For individuals the degree and intensity of social feelings among the different levels of corporate life vary, ranging from the family, the neighborhood, city, county, state, nation, and international alliances. Social feelings would be the strongest at the family level and weakest at the more remote international level. Each level is tied to the others, but those ties are consensual and not coercive. The neighborhood is a community of families, the city is a community of neighborhoods, the county is a community of neighborhoods and cities, the state is a community of counties, the nation is a community of states, and international alliances are communities of nations. The ties that bind the different levels together are not commitments to abstractions, such as Lincoln’s the Union at all cost. Rather, the ties are grounded in acknowledged common interests that are sustained as the best practical way to promote the welfare of the interconnected communities. This is why Southerners consistently adhered to states’ rights and secession and why the Confederacy left the slavery issue to the States. States’ rights allowed a State to avoid a coercive national will, with secession providing States with a way out of a national association that proved to be counterproductive to its interests. Not even the republican method of uniting communities together was supported in the South because of its appeal as an abstraction. According to Bradford, the South continued to be republican “undogmatically, coincidentally republican, according to some notion of what is good for the regime, useful in protecting its cohesive force-but not abstractly republican, according to the authority of a principle to be honored, regardless of consequences” (Reactionary, 127). The same was true for the South’s commitment to the Union; when continued membership in the Union was perceived to be counterproductive, Southerners did what for them was logical and constitutional, they dissolved the association through secession.

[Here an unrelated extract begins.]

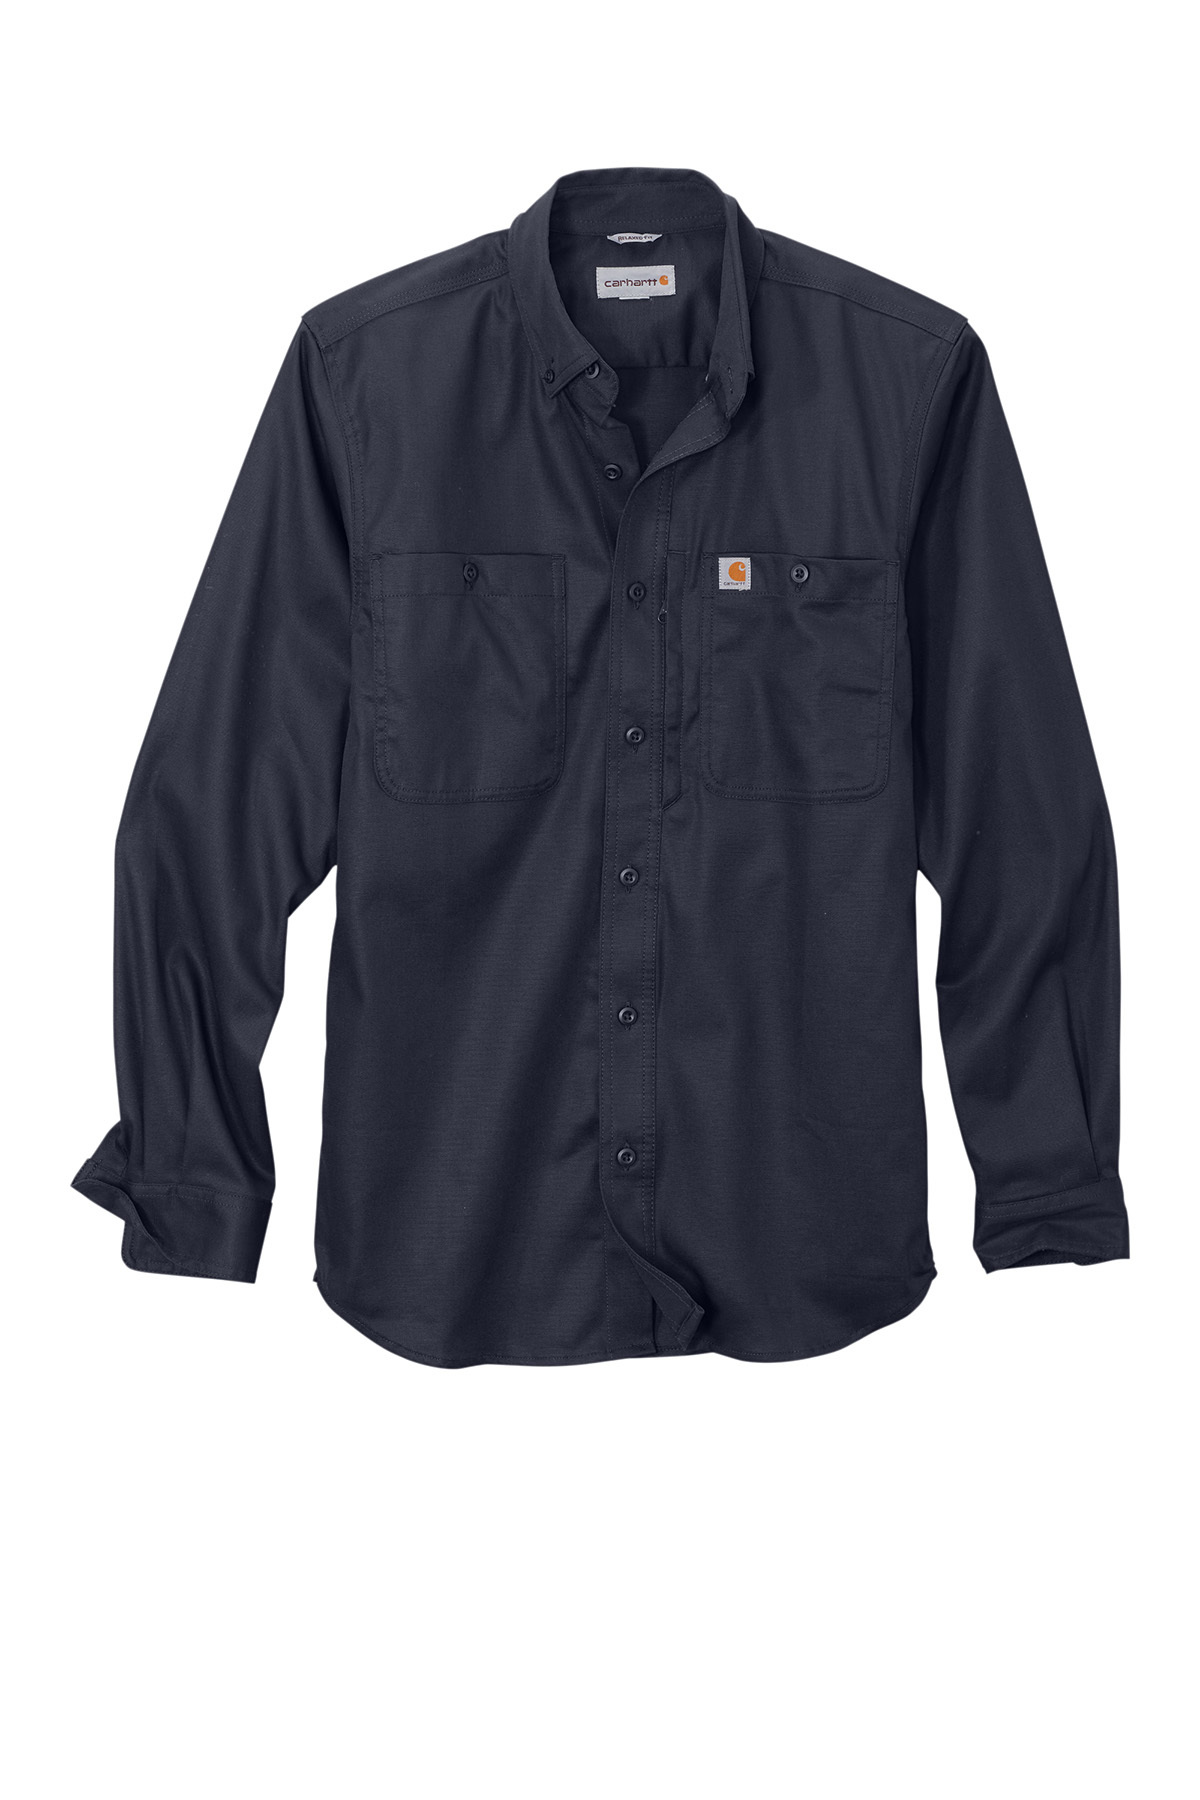 Carhartt Rugged Professional Series Long Sleeve Shirt | Product | SanMar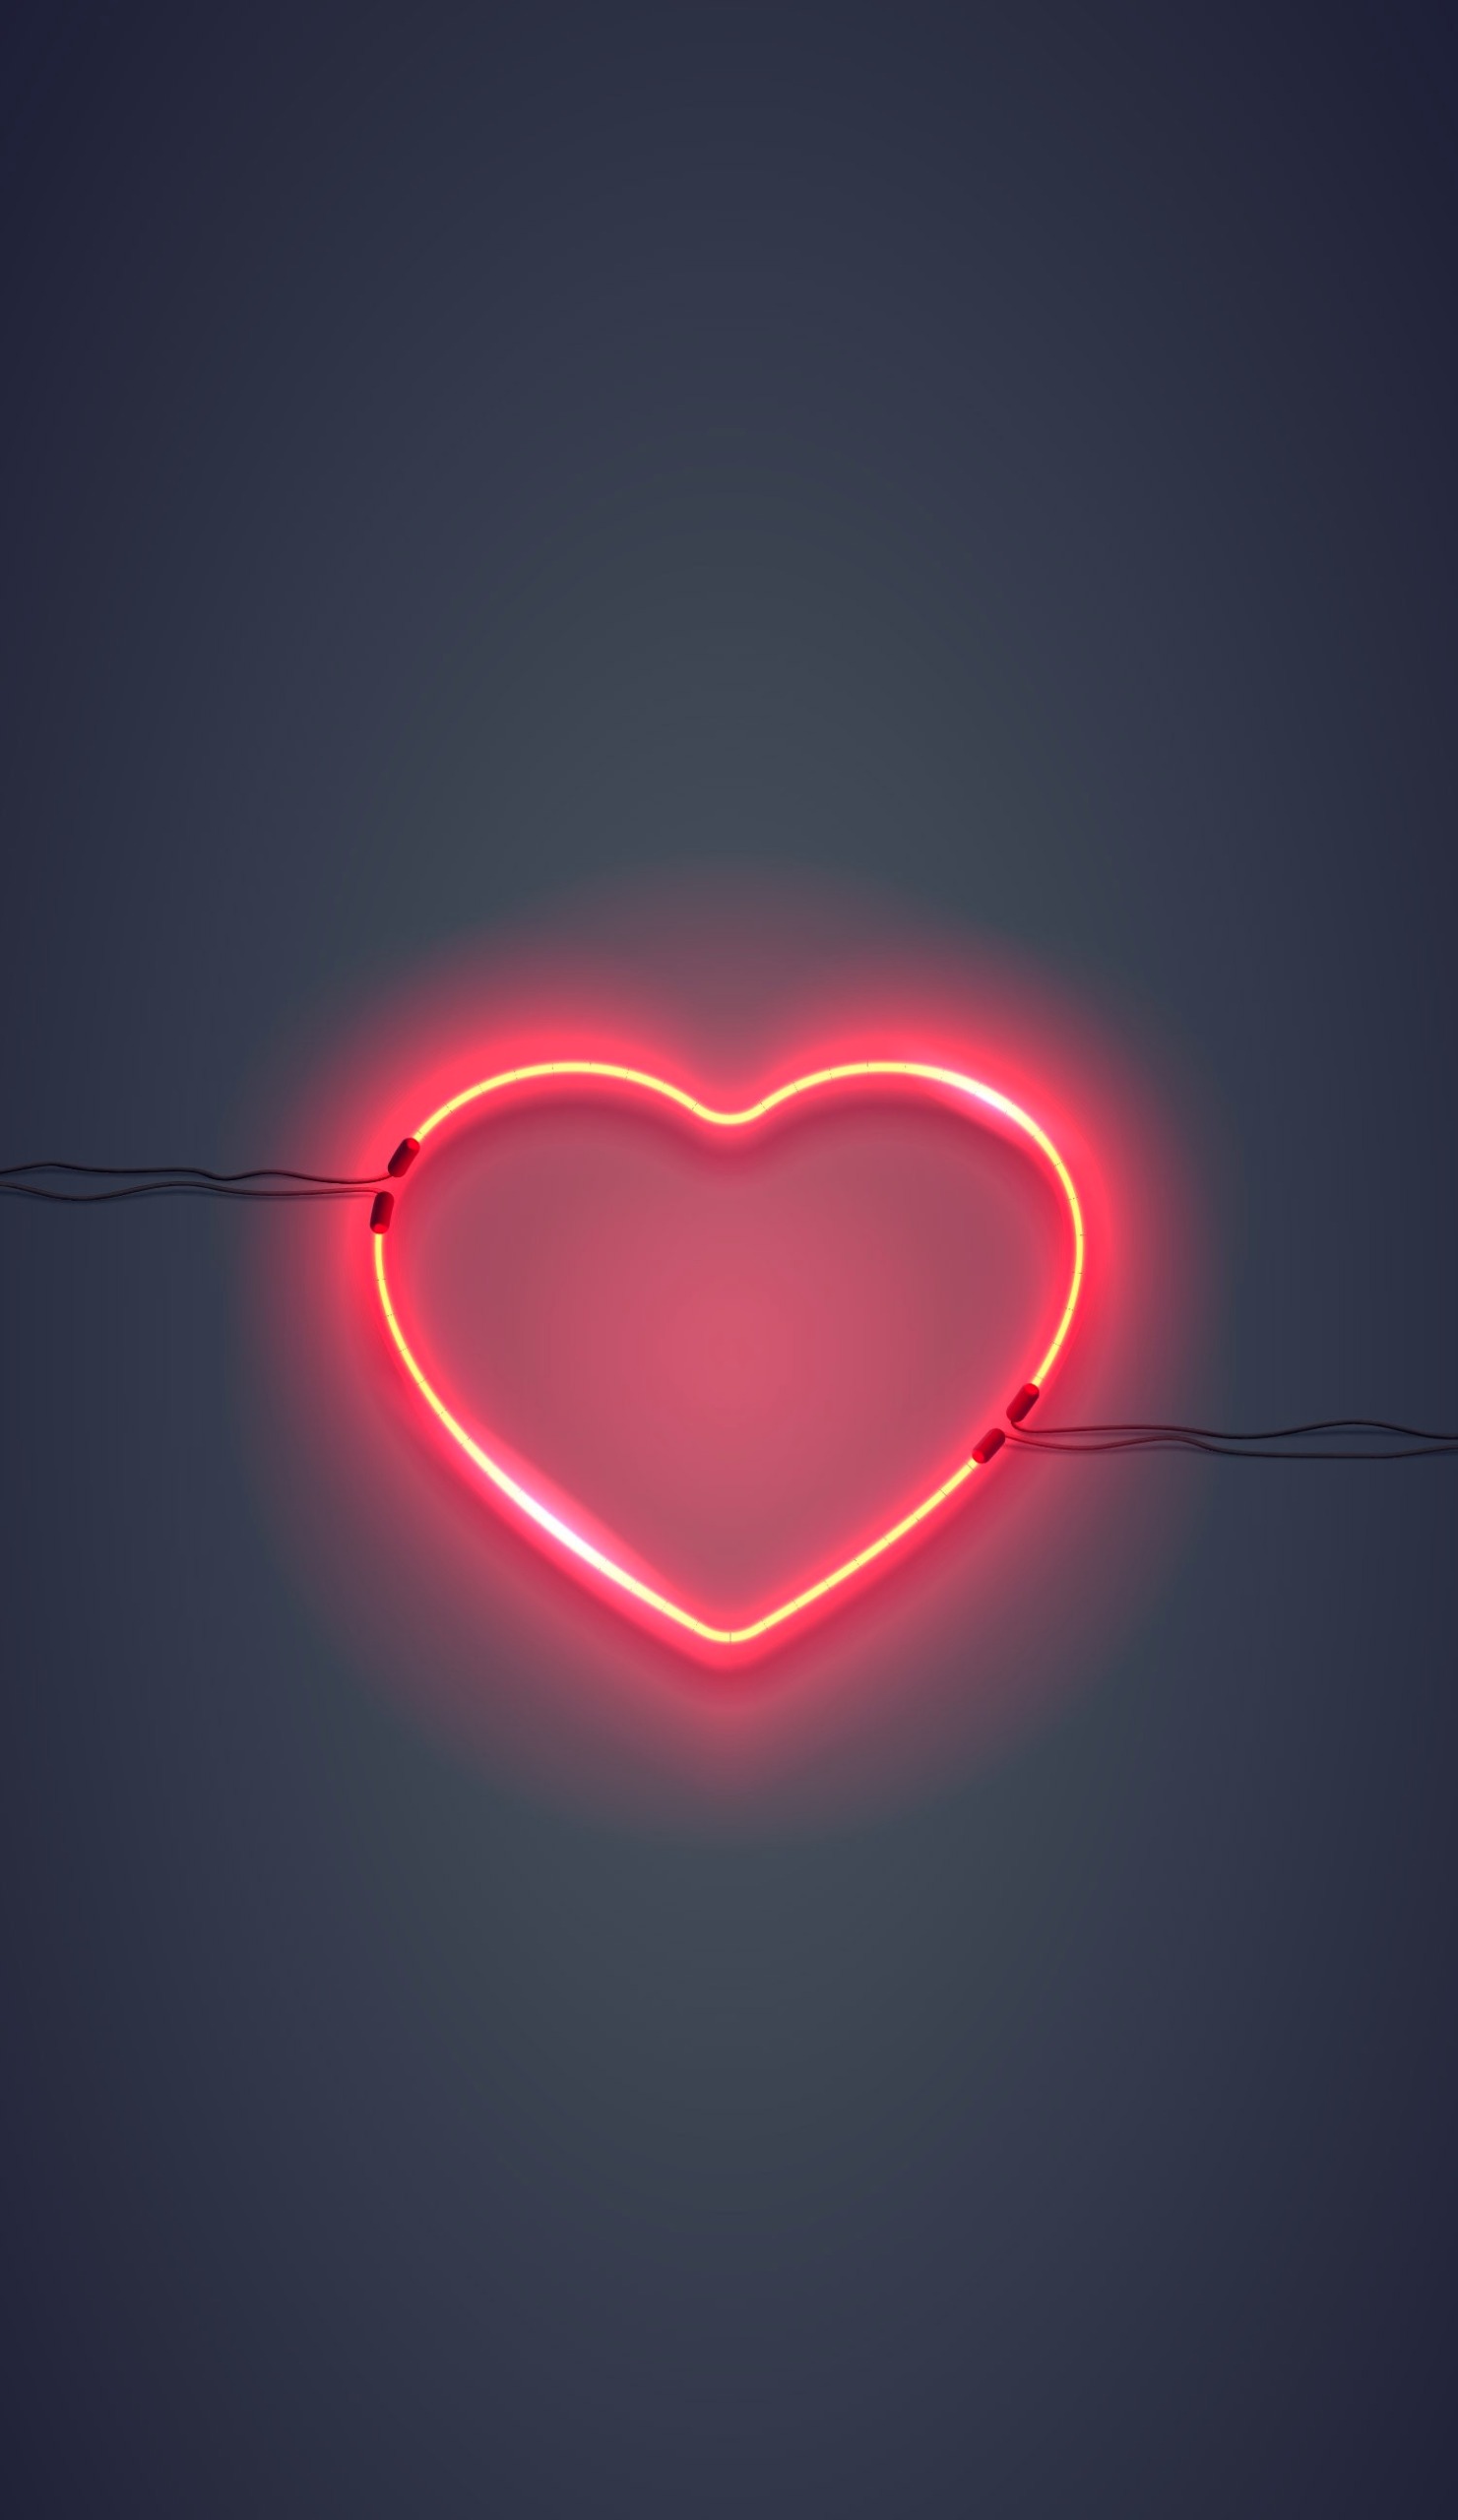 Love comes in many colors!Unsplash (Public Domain)#FreeToEdit #heart #love #neon #neonlights #red #light #dark #shadow #objects #minimal

A clearly identifiable Southern version of societas began to take shape circa 1800; prior to that time the North and South shared common experiences. However, in the 1800s the rapid growth in Evangelical denominations “had sealed off the South from the influence of Yankee dialetics, values understood apart from their embodiment in a specific order” (Reactionary, 126). “Yankee dialetics” led Northern politics in one direction, while evangelism anchored Southern politics to a somewhat static biblical tradition. For churches to play such a major role in the lives of Southerners is perfectly consistent with Southern conservatism. First, a Southerner’s religion is by and large inherited. Second, it is not the product of abstraction, but grounded in divine revelation. And third, it is not coercively binding; one may, if you will, secede from one church to another or to the privacy of one’s home with or without patrimonial bible and tradition in hand. For Southerners the First Amendment guarantees of separation and free exercise were necessary, not to make the national government hostile to the influences of religion on state public policies, but for preventing the type of national denominational dominance that the Church of England exercised in Great Britain and her former colonies. The historical First Amendment arrangement between church and state precluded government from taking over the role of denominational religion; not to mention governmentally endorsed secular-humanism, both of which are anathema to Southern conservatism’s opposition to innovation, abstraction, and coercion. To reiterate, nothing strikes at the core of Southern corporate liberty and the societas from which it emanates as does the Supreme Court’s contemporary policy of separation of church and state, a policy that more than any other “judicial concoction” will facilitate remaking the South in the image of Twentieth Century “Yankee dialectics.”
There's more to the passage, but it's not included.